The while’s conditional expression is not restricted to a simple test as in the example above; it can be as complicated as you like as long as it produces a true or false result. You will even see code where the loop has no body, just a bare semicolon:

while(/* Do a lot here */)
 ;

In these cases, the programmer has written the conditional expression not only to perform the test but also to do the work.

do-while

The form of do-while is

do
    statement
while(expression); 

The do-while is different from the while because the statement always executes at least once, even if the expression evaluates to false the first time. In a regular while, if the conditional is false the first time the statement never executes.

If a do-while is used in Guess.cpp, the variable guess does not need an initial dummy value, since it is initialized by the cin statement before it is tested:

//: C03:Guess2.cpp
// The guess program using do-while
#include <iostream>
using namespace std;

int main() {
  int secret = 15;
  int guess; // No initialization needed here
  do {
    cout << "guess the number: ";
    cin >> guess; // Initialization happens
  }   while(guess != secret);
  cout << "You got it!" << endl;
} ///:~

For some reason, most programmers tend to avoid do-while and just work with while.

for

A for loop performs initialization before the first iteration. Then it performs conditional testing and, at the end of each iteration, some form of “stepping.” The form of the for loop is:

for(initialization; conditional; step)
 statement

Any of the expressions initialization, conditional, or step may be empty. The initialization code executes once at the very beginning. The conditional is tested before each iteration (if it evaluates to false at the beginning, the statement never executes).
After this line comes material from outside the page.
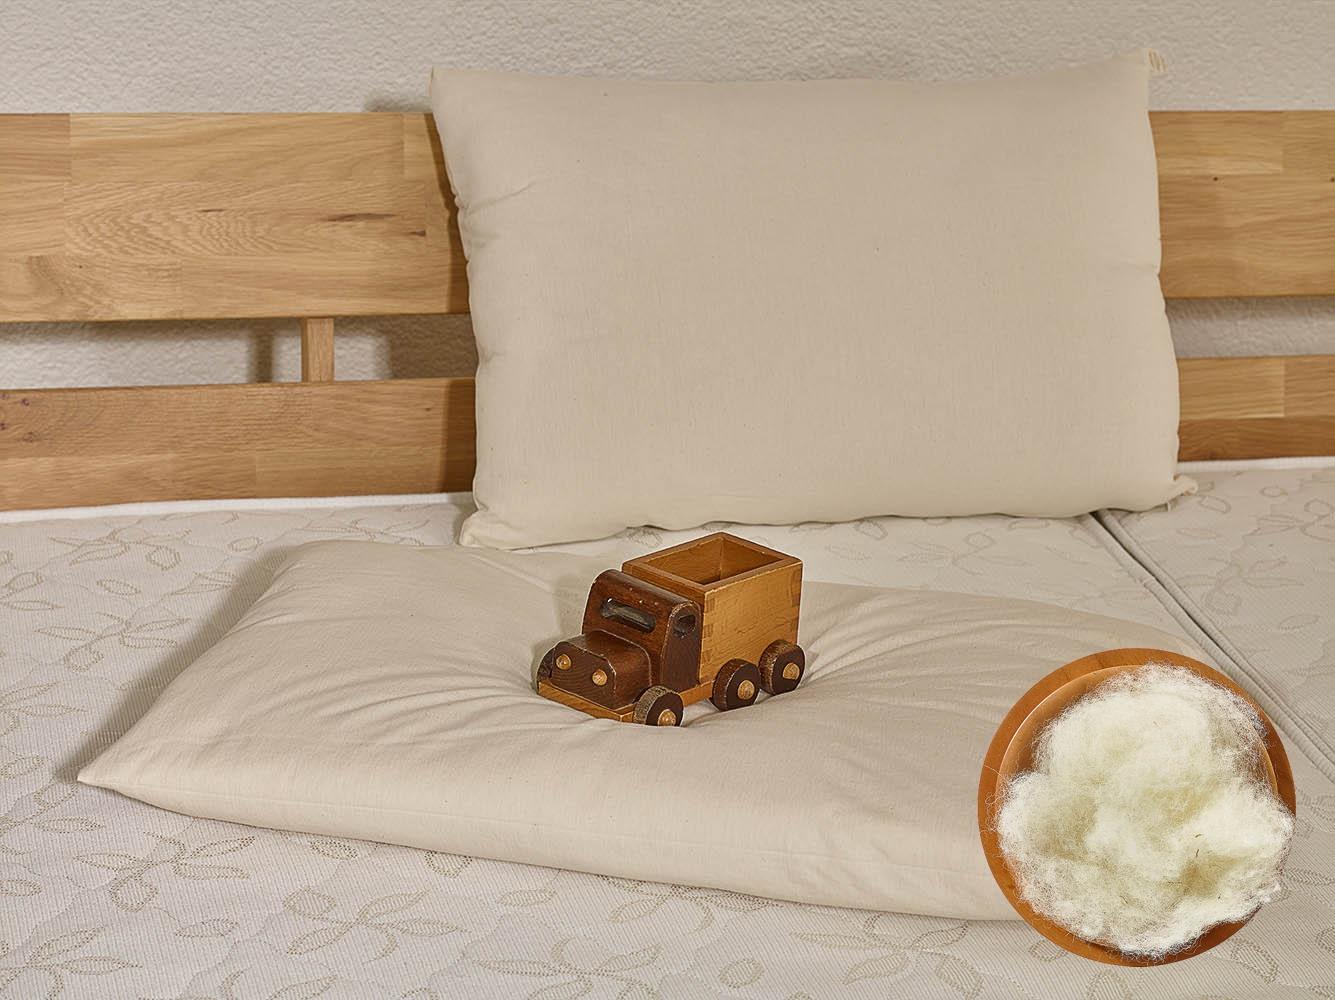 woll kissen 40x60 cm frau wolle schafwollprodukte. Black Bedroom Furniture Sets. Home Design Ideas

At the end of each loop, the step executes.

for loops are usually used for “counting” tasks:

//: C03:Charlist.cpp
// Display all the ASCII characters
// Demonstrates "for"
#include <iostream>
using namespace std;

int main() {
  for(int i = 0; i < 128; i = i + 1)
    if (i != 26)  // ANSI Terminal Clear screen
      cout << " value: " << i 
           << " character: " 
           << char(i) // Type conversion
           << endl;
} ///:~

You may notice that the variable i is defined at the point where it is used, instead of at the beginning of the block denoted by the open curly brace ‘{’. This is in contrast to traditional procedural languages (including C), which require that all variables be defined at the beginning of the block. This will be discussed later in this chapter.

The break and continue keywords

Inside the body of any of the looping constructs while, do-while, or for, you can control the flow of the loop using break and continue. break quits the loop without executing the rest of the statements in the loop. continue stops the execution of the current iteration and goes back to the beginning of the loop to begin a new iteration.
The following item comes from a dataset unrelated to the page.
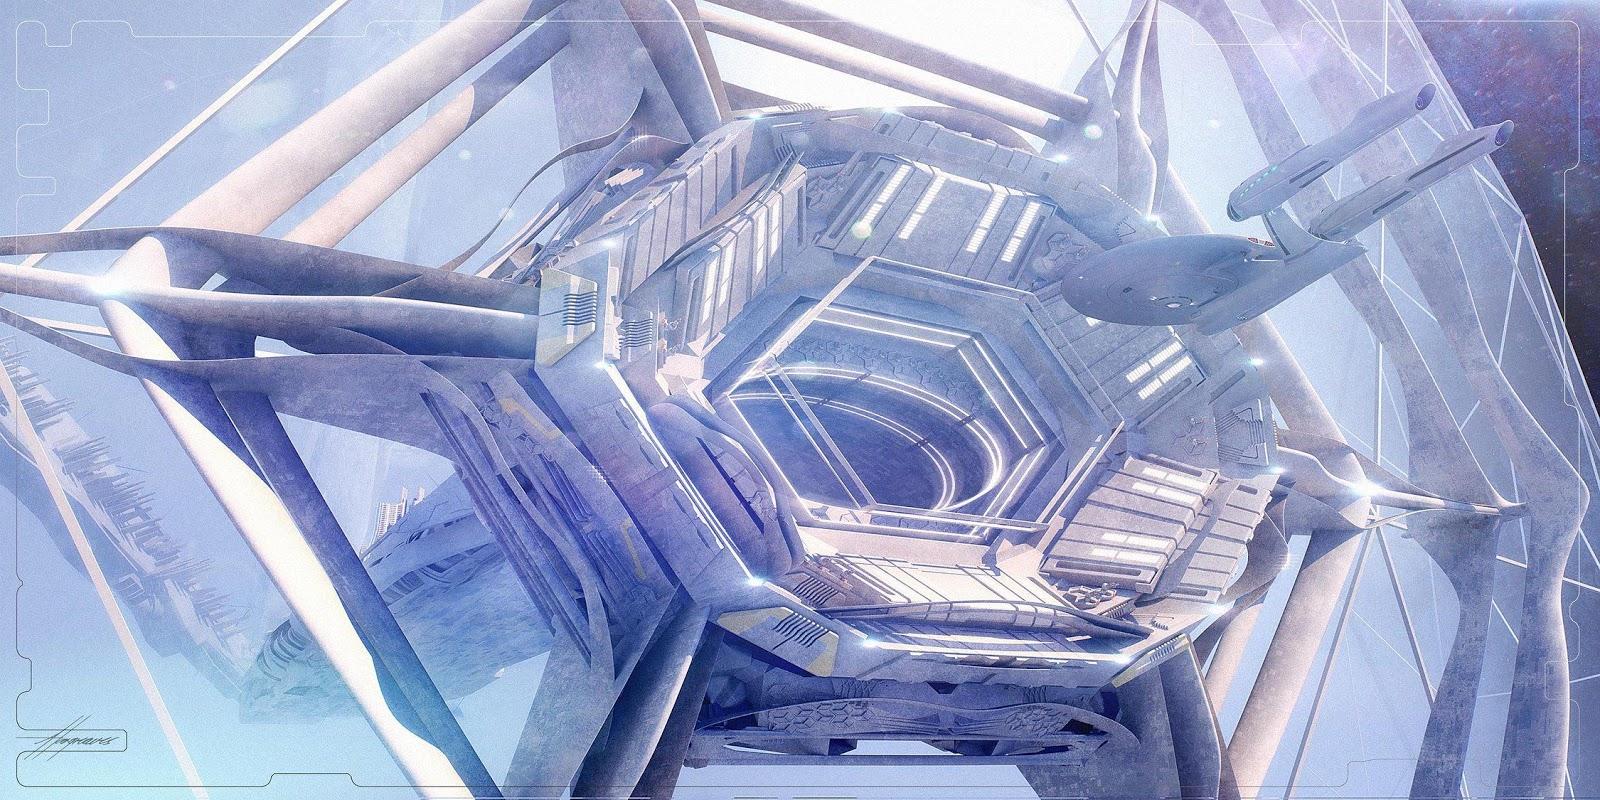 Sean Hargreaves Star Trek Beyond Starbase Yorktown doors concept art.jpg

As an example of break and continue, this program is a very simple menu system:

//: C03:Menu.cpp
// Simple menu program demonstrating
// the use of "break" and "continue"
#include <iostream>
using namespace std;

int main() {
  char c; // To hold response
  while(true) {
    cout << "MAIN MENU:" << endl;
    cout << "l: left, r: right, q: quit -> ";
    cin >> c;
    if(c == 'q')
      break; // Out of "while(1)"
    if(c == 'l') {
      cout << "LEFT MENU:" << endl;
      cout << "select a or b: ";
      cin >> c;
      if(c == 'a') {
        cout << "you chose 'a'" << endl;
        continue; // Back to main menu
      }
      if(c == 'b') {
        cout << "you chose 'b'" << endl;
        continue; // Back to main menu
      }
      else {
        cout << "you didn't choose a or b!"
             << endl;
        continue; // Back to main menu
      }
    }
    if(c == 'r') {
      cout << "RIGHT MENU:" << endl;
      cout << "select c or d: ";
      cin >> c;
      if(c == 'c') {
        cout << "you chose 'c'" << endl;
        continue; // Back to main menu
      }
      if(c == 'd') {
        cout << "you chose 'd'" << endl;
        continue; // Back to main menu
      }
      else {
        cout << "you didn't choose c or d!" 
             << endl;
        continue; // Back to main menu
      }
    }
    cout << "you must type l or r or q!" << endl;
  }
  cout << "quitting menu..." << endl;
} ///:~

If the user selects ‘q’ in the main menu, the break keyword is used to quit, otherwise the program just continues to execute indefinitely. After each of the sub-menu selections, the continue keyword is used to pop back up to the beginning of the while loop.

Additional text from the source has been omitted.